WORK ITEM: Repeat the listing exactly. Pictures stay out of your copy.

EXERCISE DATA:
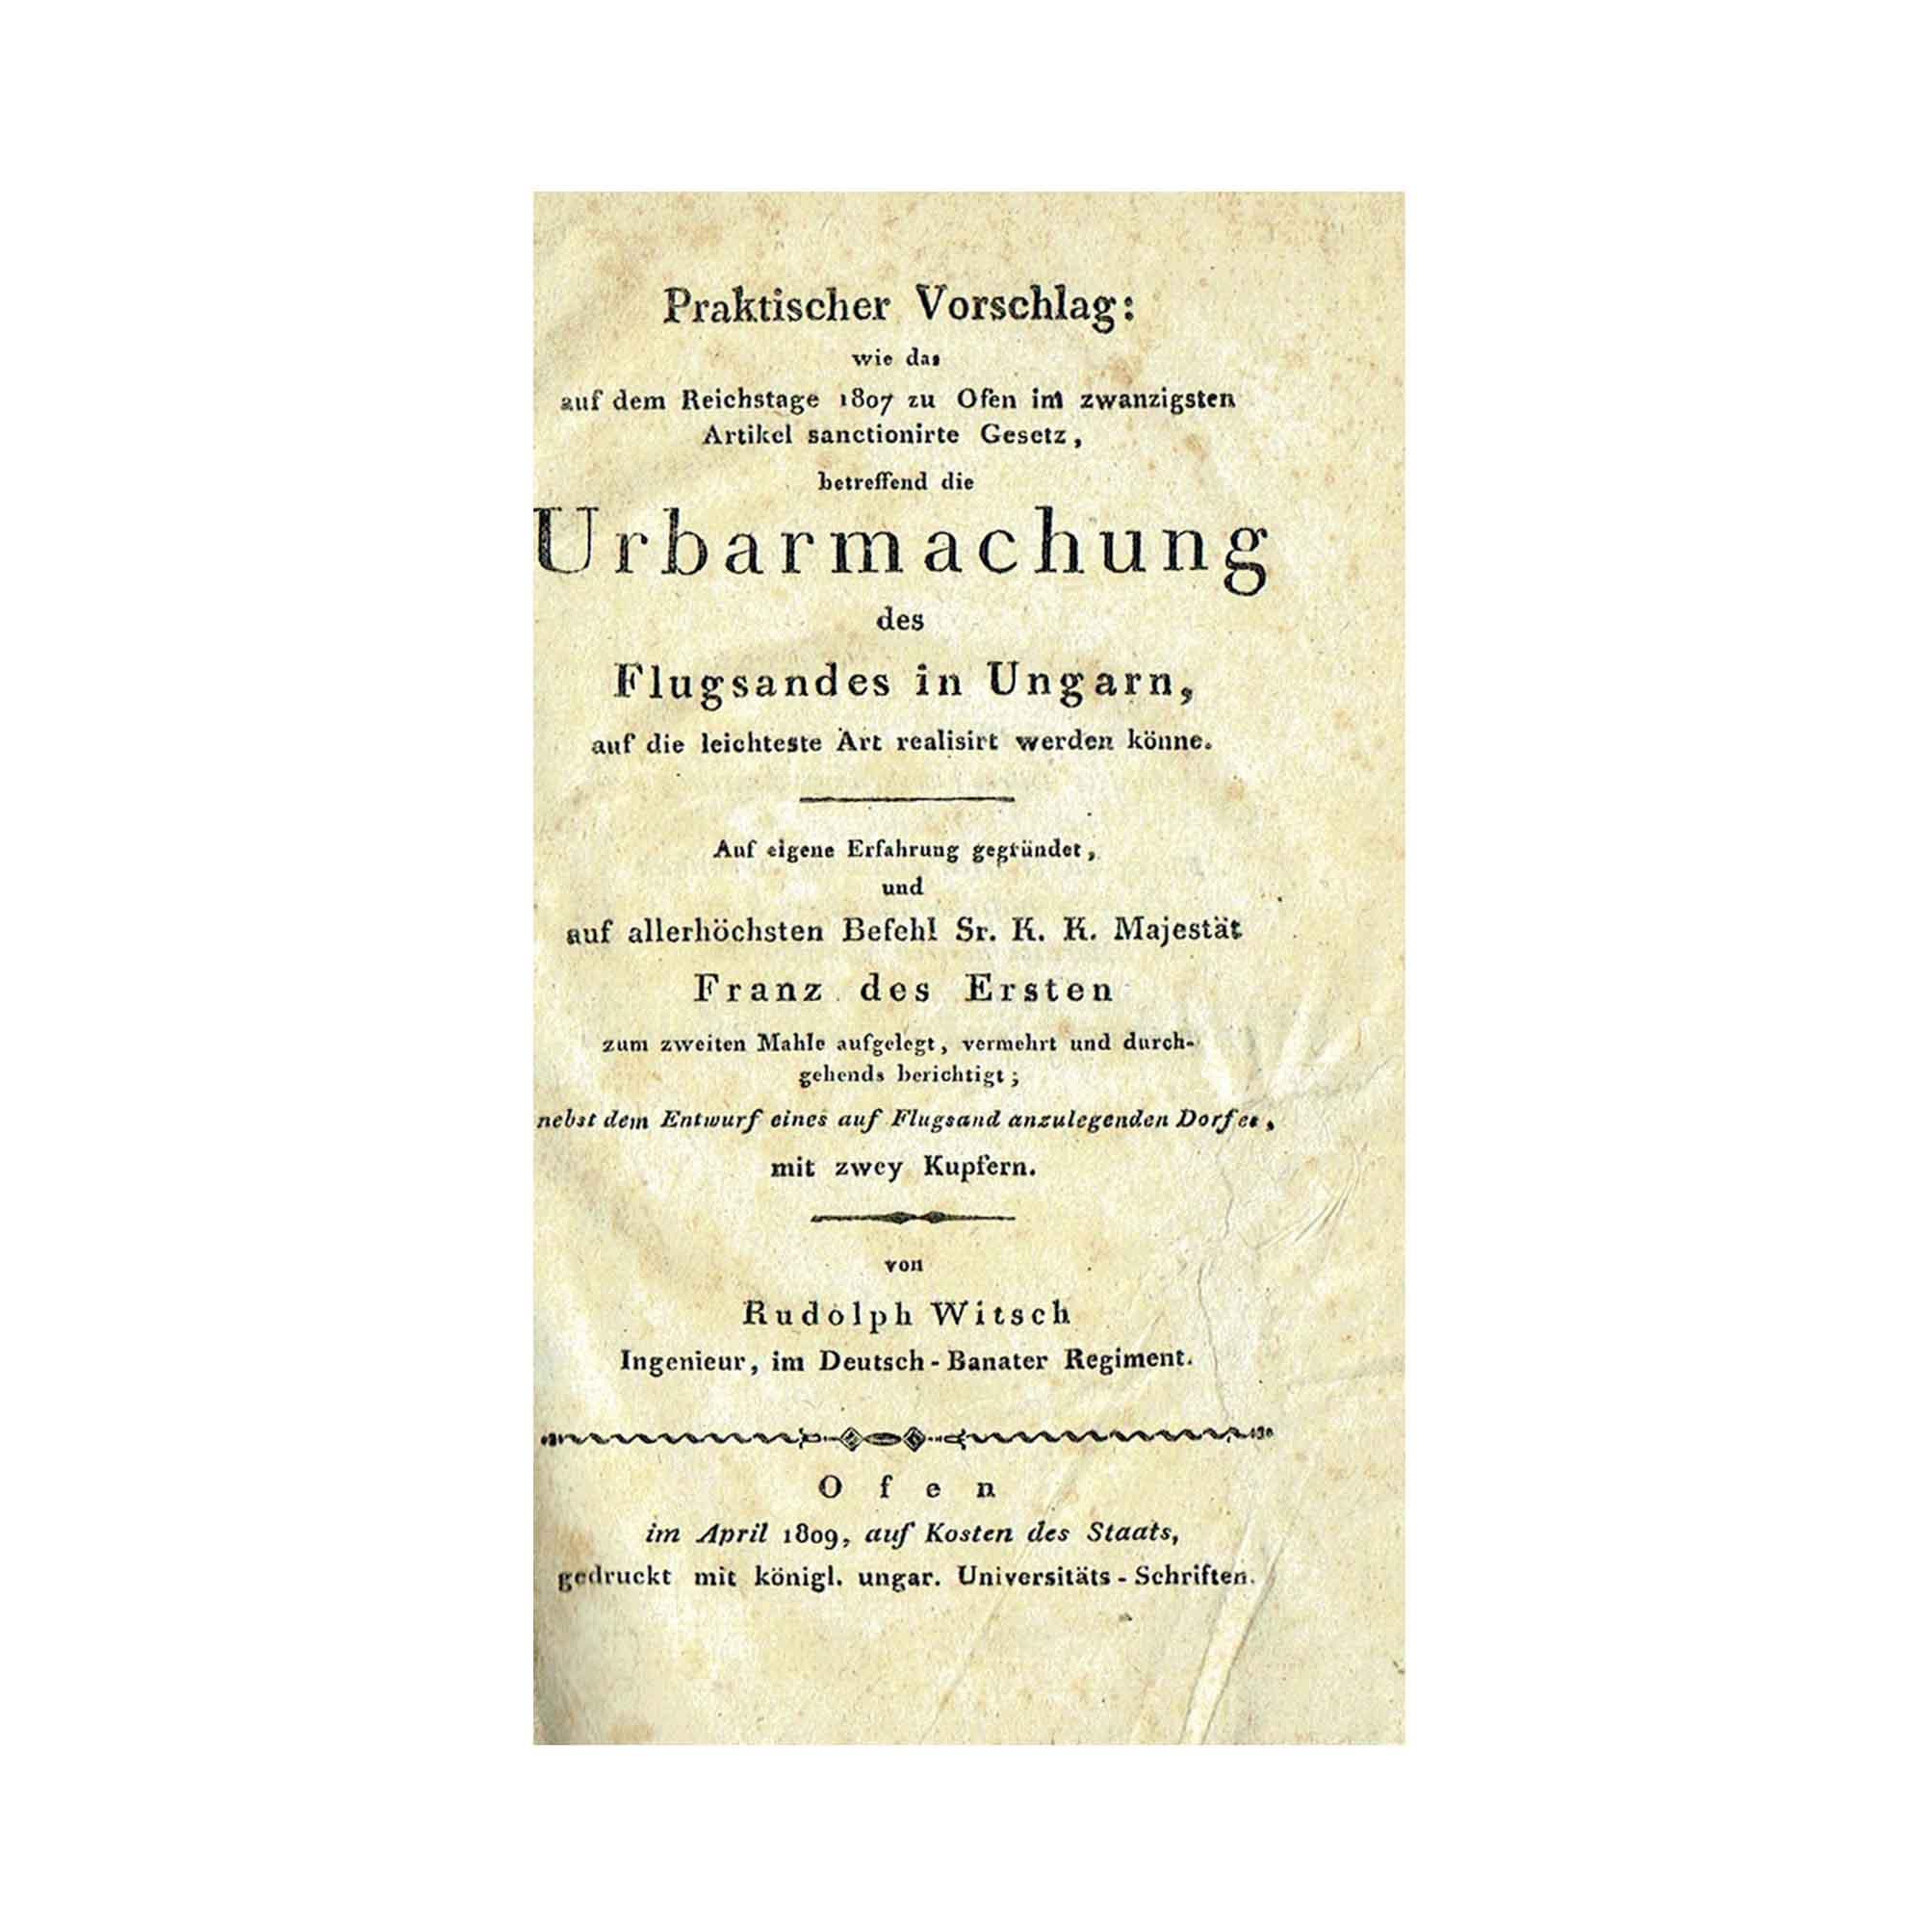 5795-Witsch-Flugsand-1809-Titelblatt-A-N.jpg
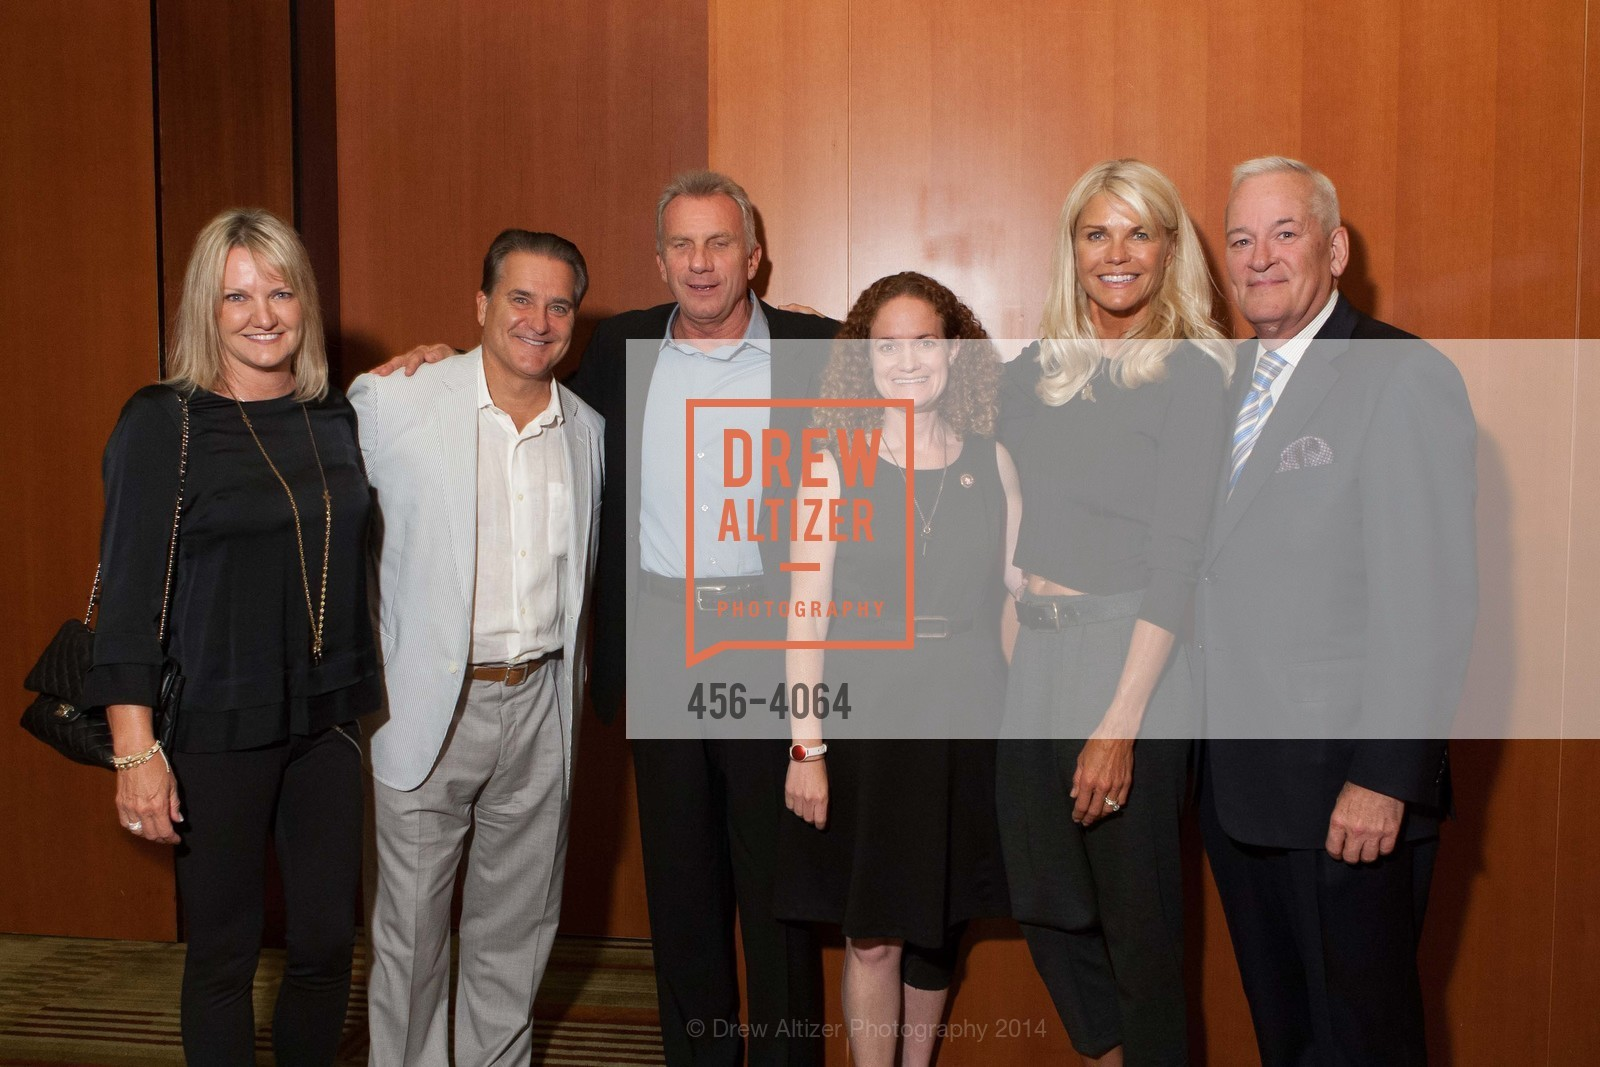 Gayle Mariucci, Steve Mariucci, Joe Montana, Joanne Pasternack, Jennifer Montana, Tracy Mercer, Photo #456-4064
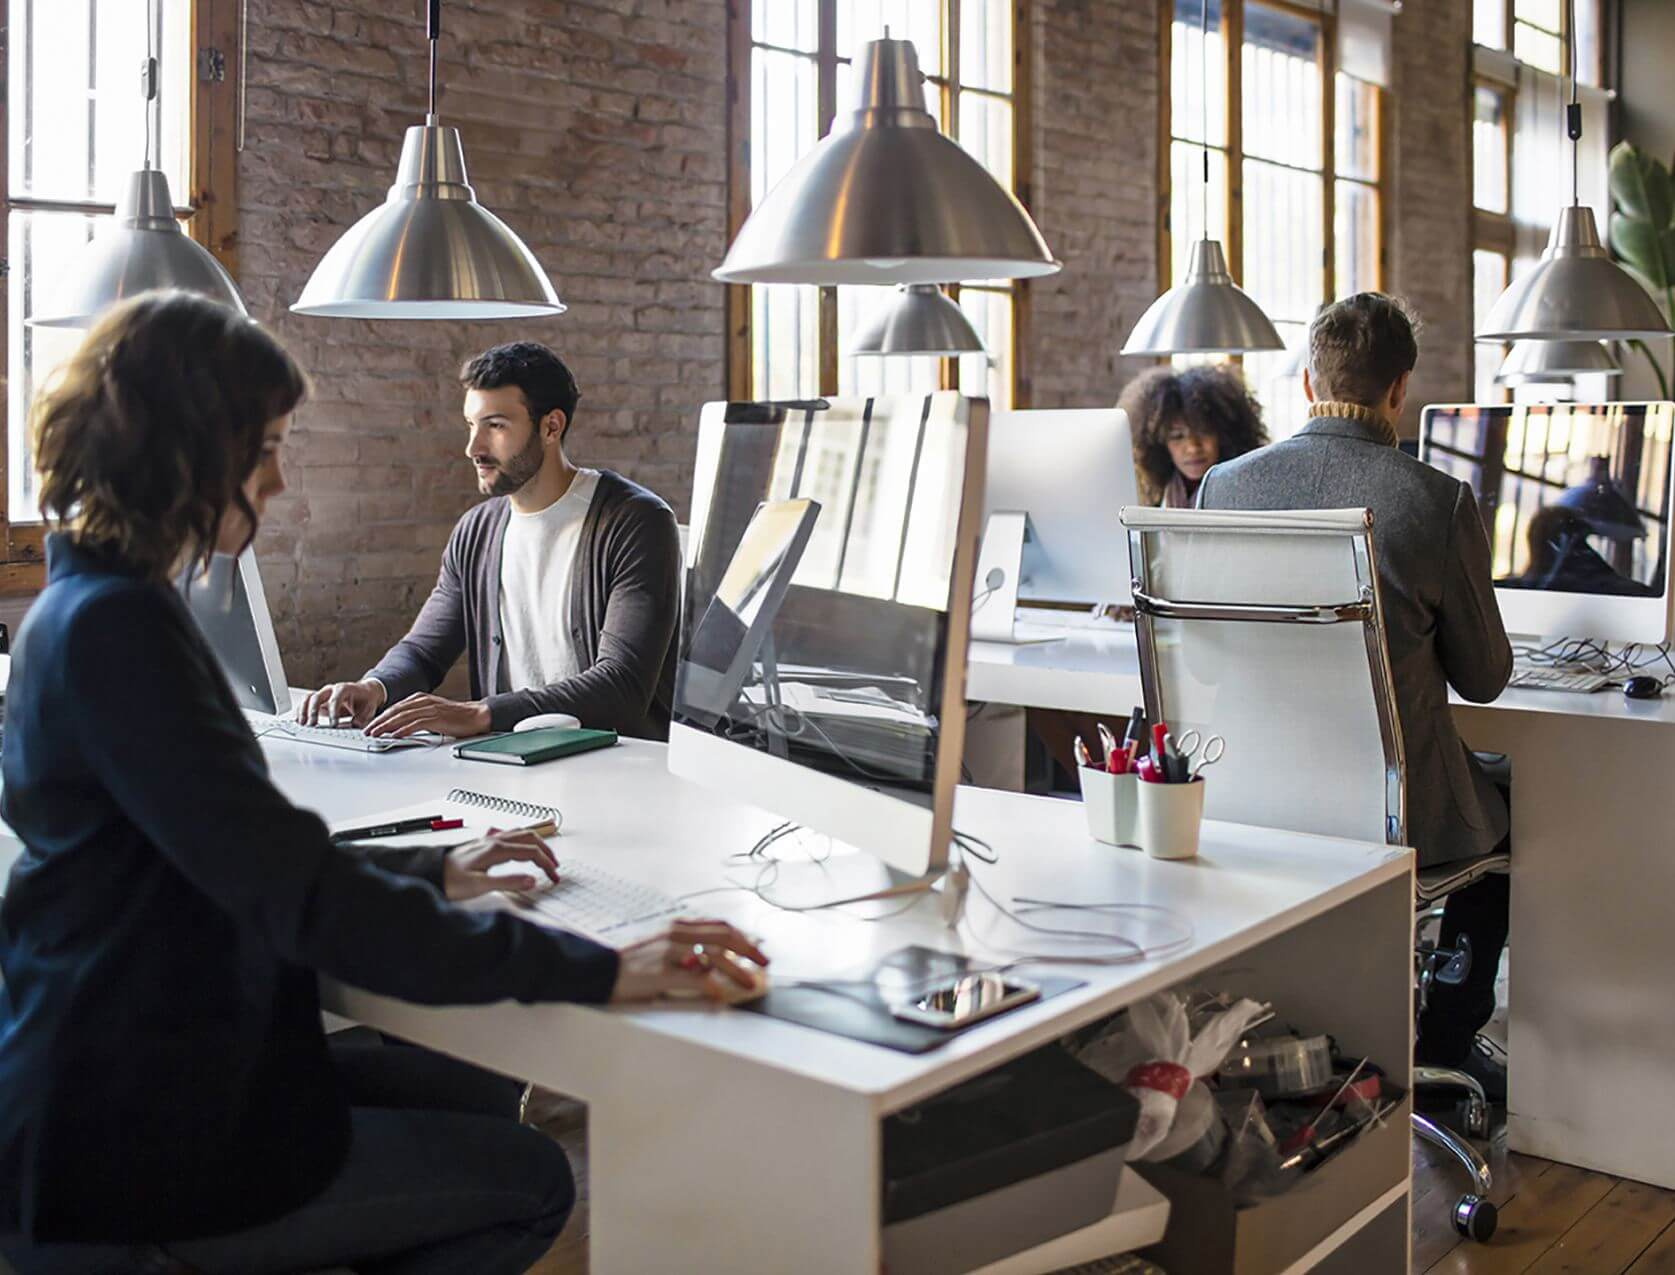 Protecting Interior Design Business

OUTPUT OF THE EXERCISE:
 5795-Witsch-Flugsand-1809-Titelblatt-A-N.jpg
 Gayle Mariucci, Steve Mariucci, Joe Montana, Joanne Pasternack, Jennifer Montana, Tracy Mercer, Photo #456-4064
 Protecting Interior Design Business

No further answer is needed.